In PHP I have string with nested brackets:
bar[foo[test[abc][def]]bar]foo
I need a regex that matches the inner bracket-pairs first, so the order in which preg_match_all finds the matching bracket-pairs should be:
[abc]
[def]
[test[abc][def]]
[foo[test[abc][def]]bar]
All texts may vary.
Is this even possible with preg_match_all ?
This is not possible with regular expressions. No matter how complex your regex, it will always return the left-most match first.
At best, you'd have to use multiple regexes, but even then you're going to have trouble because regexes can't really count matching brackets. Your best bet is to parse this string some other way.
Is not evident in your question what kind of "structure of matches" you whant... But you can use only simple arrays. Try
preg_match_all('#\[([a-z\)\(]+?)\]#',$original,$m);
that, for $original = 'bar[foo[test[abc][def]]bar]foo' returns an array with "abc" and "def", the inner ones.

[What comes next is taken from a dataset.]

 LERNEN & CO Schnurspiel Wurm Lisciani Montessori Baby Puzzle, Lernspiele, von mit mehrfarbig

For your output, you need a loop for the "parsing task".
PCRE with preg_replace_callback is better for parsing.
Perhaps this loop is a good clue for your problem,
$original = 'bar[foo[test[abc][def]]bar]foo';
for( $aux=$oldAux=$original;
$oldAux!=($aux=printInnerBracket($aux));
$oldAux=$aux
);
print "\n-- $aux";
function printInnerBracket($s) {
return preg_replace_callback(
'#\[([a-z\)\(]+?)\]#', // the only one regular expression
function($m) {
print "\n$m[0]";
return "($m[1])";
},
$s
);
}
Result (the callback print):
[abc]
[def]
[test(abc)(def)]
[foo(test(abc)(def))bar]
-- bar(foo(test(abc)(def))bar)foo
See also this related question.
I would like to know how I could transform the given string into the specified array:
String
all ("hi there \(option\)", (this, that), other) another
Result wanted (Array)
[0] => all,
[1] => Array(
[0] => "hi there \(option\)",
[1] => Array(
[0] => this,
[1] => that
),
[2] => other
),
[2] => another
This is used for a kind of console that I'm making on PHP.

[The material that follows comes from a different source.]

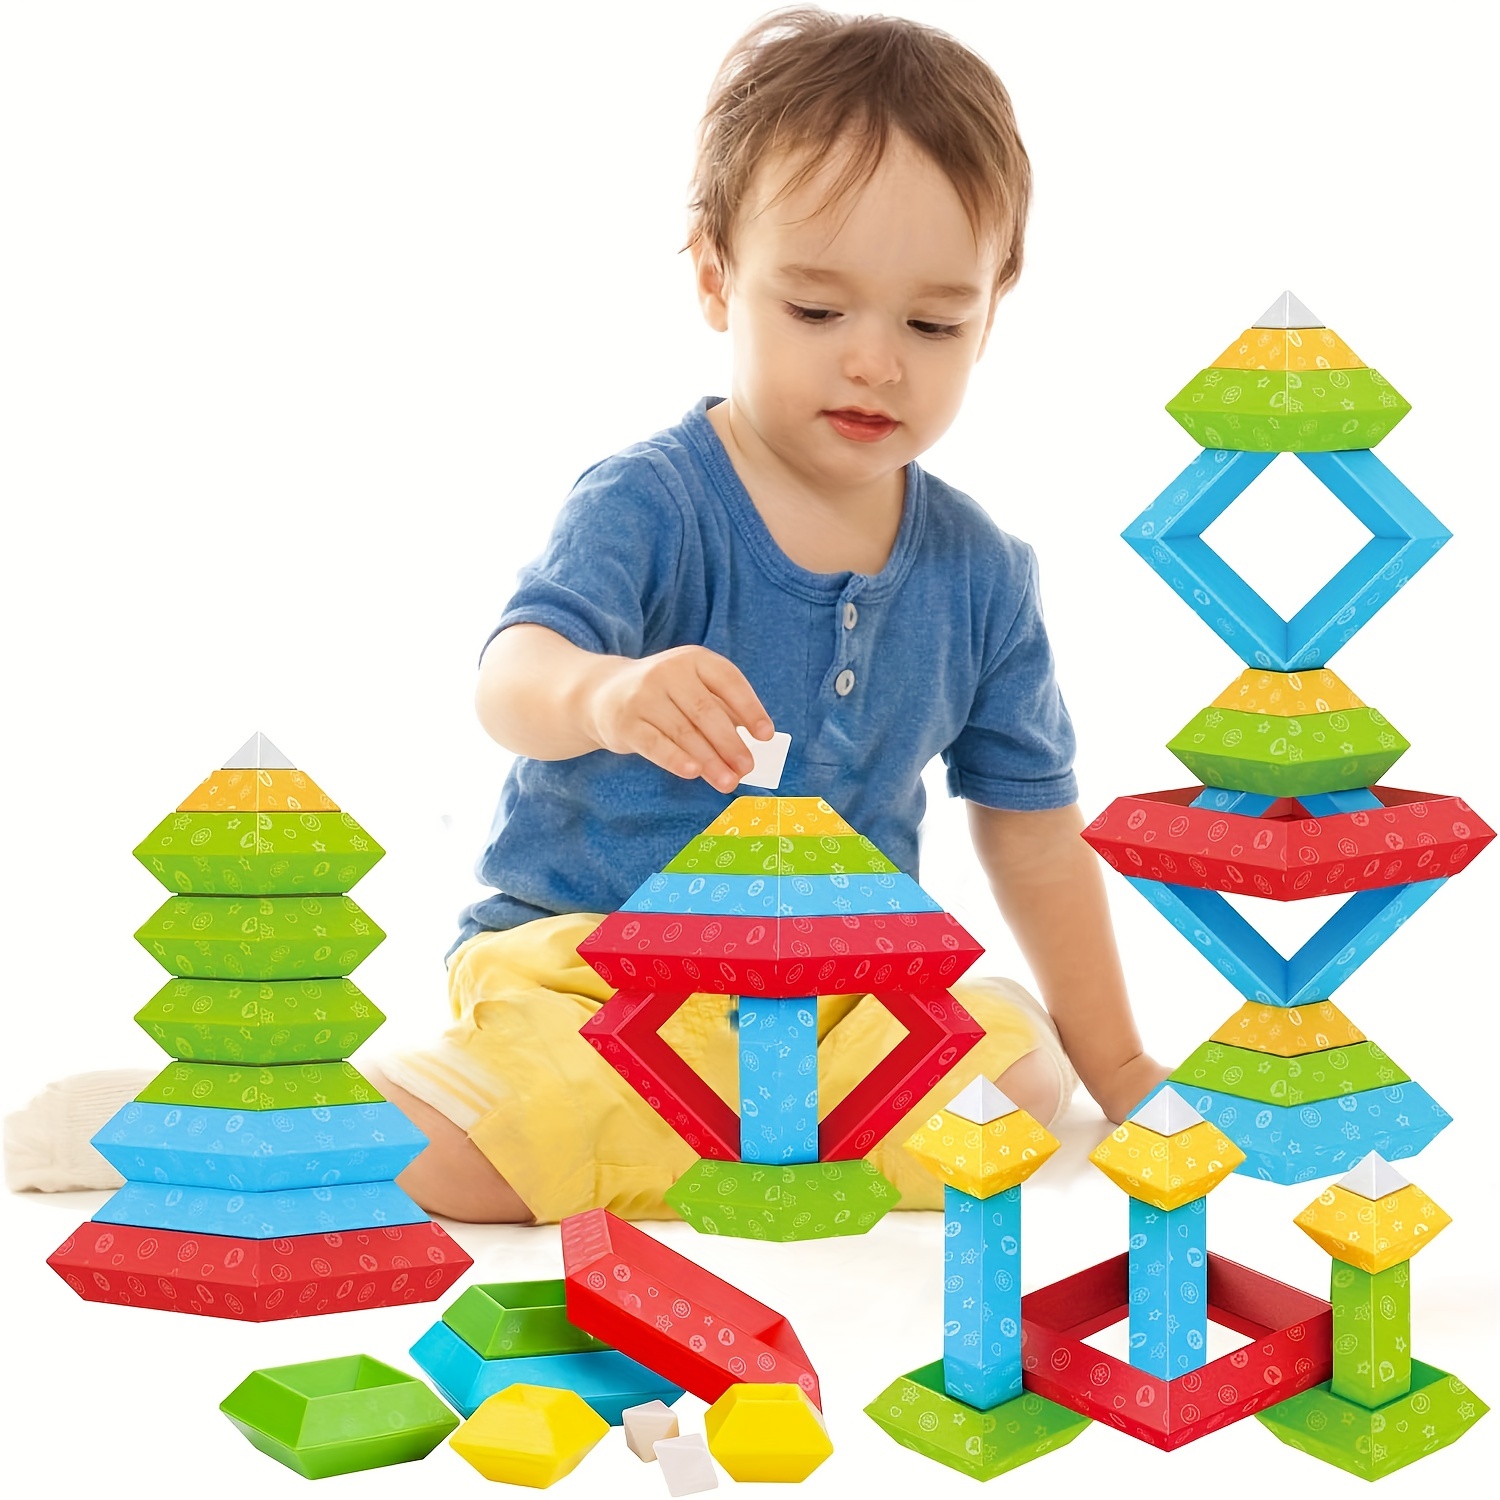 Juguetes Montessori para niños de 3, 4 y 5 años, constructor de caminos  lógicos de 4 niveles y más de 118 desafíos de desarrollo de habilidades

I tried to use preg_match_all but, I don't know how I could find parentheses inside parentheses in order to "make arrays inside arrays".
EDIT
All other characters that are not specified on the example should be treated as String.
EDIT 2
I forgot to mention that all parameter's outside the parentheses should be detected by the space character.
The 10,000ft overview
You need to do this with a small custom parser: code takes input of this form and transforms it to the form you want.
In practice I find it useful to group parsing problems like this in one of three categories based on their complexity:
Trivial: Problems that can be solved with a few loops and humane regular expressions. This category is seductive: if you are even a little unsure if the problem can be solved this way, a good rule of thumb is to decide that it cannot.

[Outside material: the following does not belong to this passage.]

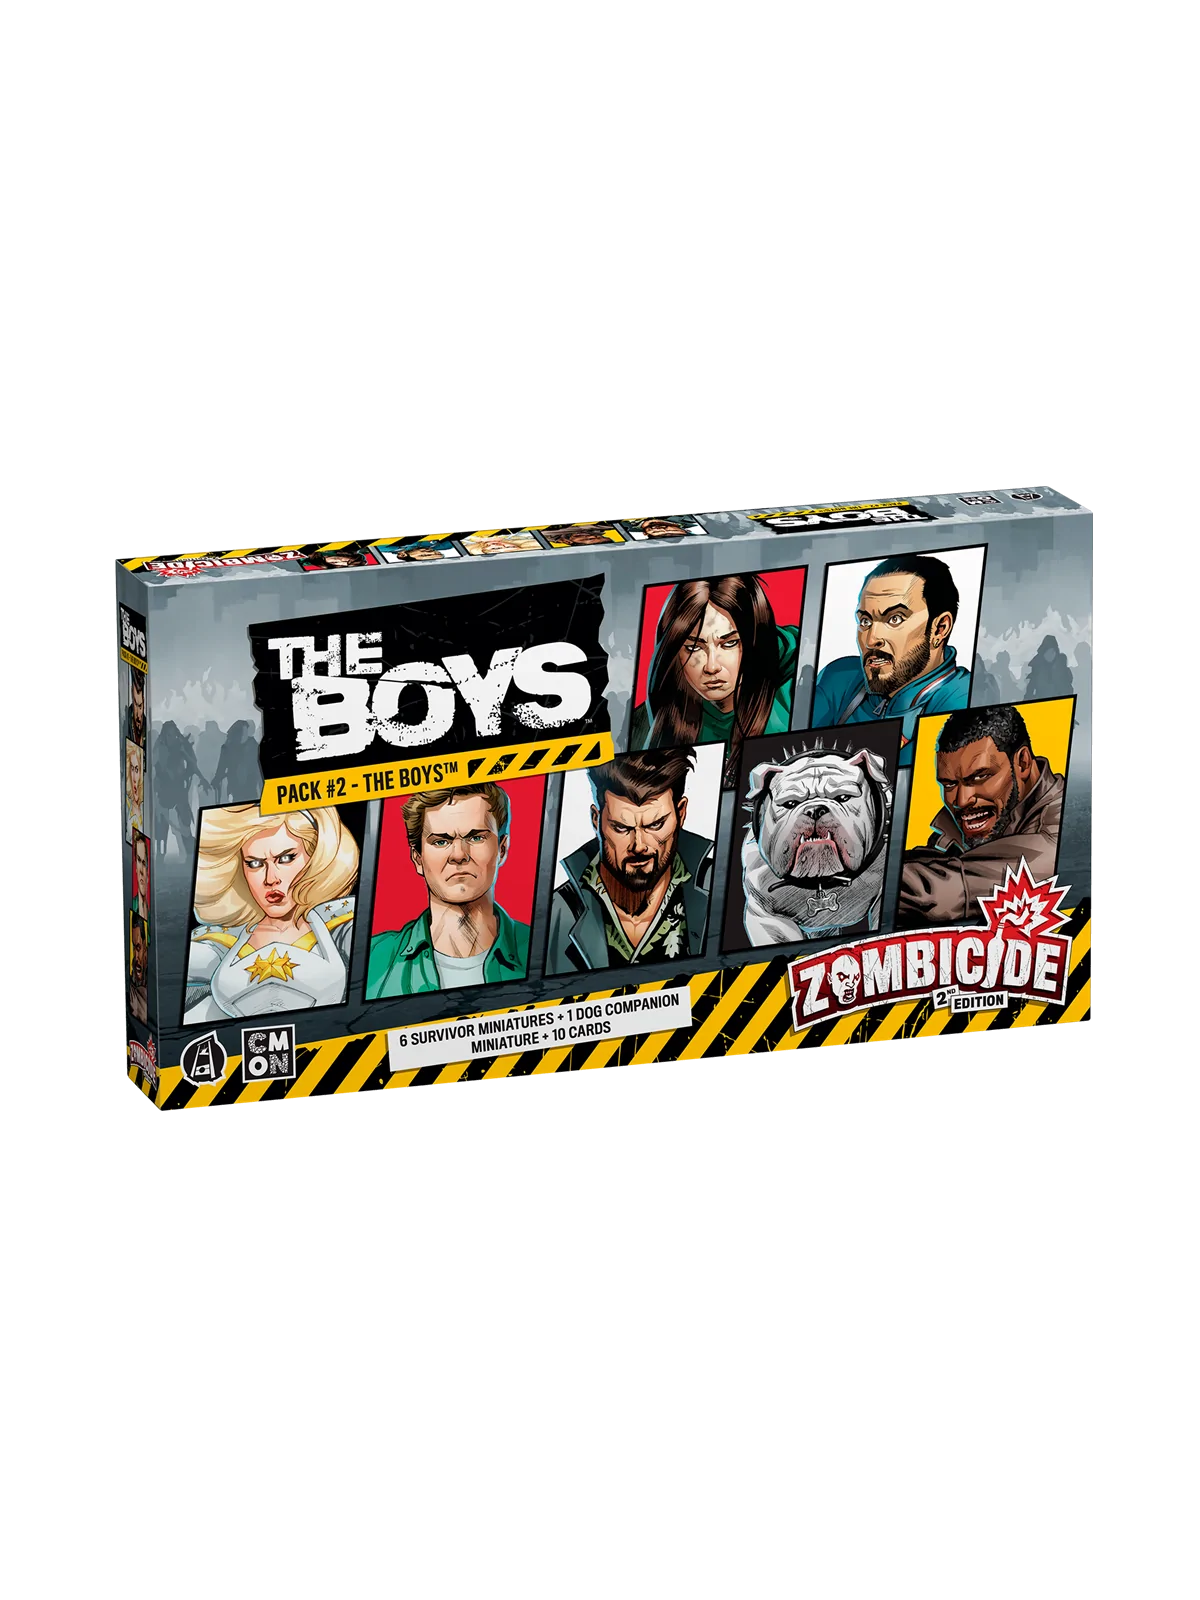 Comprar Zombicide Segunda Edicion: The Boys Pack 2 barato al mejor pre

Easy: Problems that require building a small parser yourself, but are still simple enough that it doesn't quite make sense to bring out the big guns. If you need to write more than ~100 lines of code then consider escalating to the next category.
Involved: Problems for which it makes sense to go formal and use an already existing, proven parser generator¹.
I classify this particular problem as belonging into the second category, which means that you can approach it like this:
Writing a small parser
Defining the grammar
To do this, you must first define -- at least informally, with a few quick notes -- the grammar that you want to parse. Keep in mind that most grammars are defined recursively at some point. So let's say our grammar is:
The input is a sequence
A sequence is a series series of zero or more tokens
A token is either a word, a string or an array
Tokens are separated by one or more whitespace characters
A word is a sequence of alphabetic characters (a-z)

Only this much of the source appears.